Code for Fig. 2 takes previously preprocessed object toplot.tndo as argument for ggplot object ggtndo. X (years) and Y (fatalities) intersections painted as dots of size 4 and transparency of 50% are coloured by type of event.
ggtndo <- ggplot(toplot.tndo, aes(initdate2, fatalities))
ggtndo + geom_point(aes(color = event), size = 4, alpha = 1/2) +
scale_y_continuous(limits = c(0, 600), breaks = seq(0, 600, by = 50)) +
labs(title = " Deaths by Tornado Events") +
labs(x = "Year", y = "Number of fatalities",
caption = "Fig. 2 NOOA Storm Database. Deaths by Tornado Events")

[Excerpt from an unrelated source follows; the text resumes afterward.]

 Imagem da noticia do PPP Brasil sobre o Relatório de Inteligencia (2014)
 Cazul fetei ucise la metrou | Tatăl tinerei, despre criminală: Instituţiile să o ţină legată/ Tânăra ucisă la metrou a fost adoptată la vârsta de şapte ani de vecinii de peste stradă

Marginal Note. A single life loss can show its value for this paper, increasing the number of fatalities in section 1.1.1 and looking the effect in the Fig. 1 plot. E.g., when reaching the fatalities > 9 conditional, more than ten years of deaths by heat disappear from the plot; and both plots lose a lot of density at their bottom lines; and in year 2004 there was only one death by heat, as point for year 2004 disappear from the plot bottom line at fatalities > 1
2.2 Propery/Infrastructure and Crops Issues results
- 2.2.1 Time series plot showing damages in Property/Infrastructure and Crops.
ggdmgs <- ggplot(toplot.alltogether, aes(bgndate, dlstot/1000000))
ggdmgs + geom_point(aes(color = event), size = 4, alpha = 1/2) +
labs(title = " Damages in Property/Infrastructure and Crops") +
labs(x = "Year", y = "Millions of US Dollars",
caption = "Fig. 3 NOOA Storm Database. Property/Infrastructure and Crops Issues")
Note. The events of the first days of January of year 2006 reflected in the 115 billion dollars by flood damages reported in this plot, are in depth described in the
Storms and Flooding in California in December 2005 and January 2006 paper from the U.S. Department of the Interior, and the U.S. Geological Survey.
3. FINAL REMARKS
Data gathering of fatalities due to heat events begins around 1993, while fatalities by tornados start in the early 1950s. In general, recordings of fatalities lie beneath the 50 deaths by event line. With no further analysis, the damages in Property/Infrastructure and Crops evolve towards events (reaching peaks in years 2005 and 2006) related to heat and drought events, seemingly showing correspondence with “El niño” and “La niña” latest aggravated phenomenons in the Pacific Ocean warmest shore regions.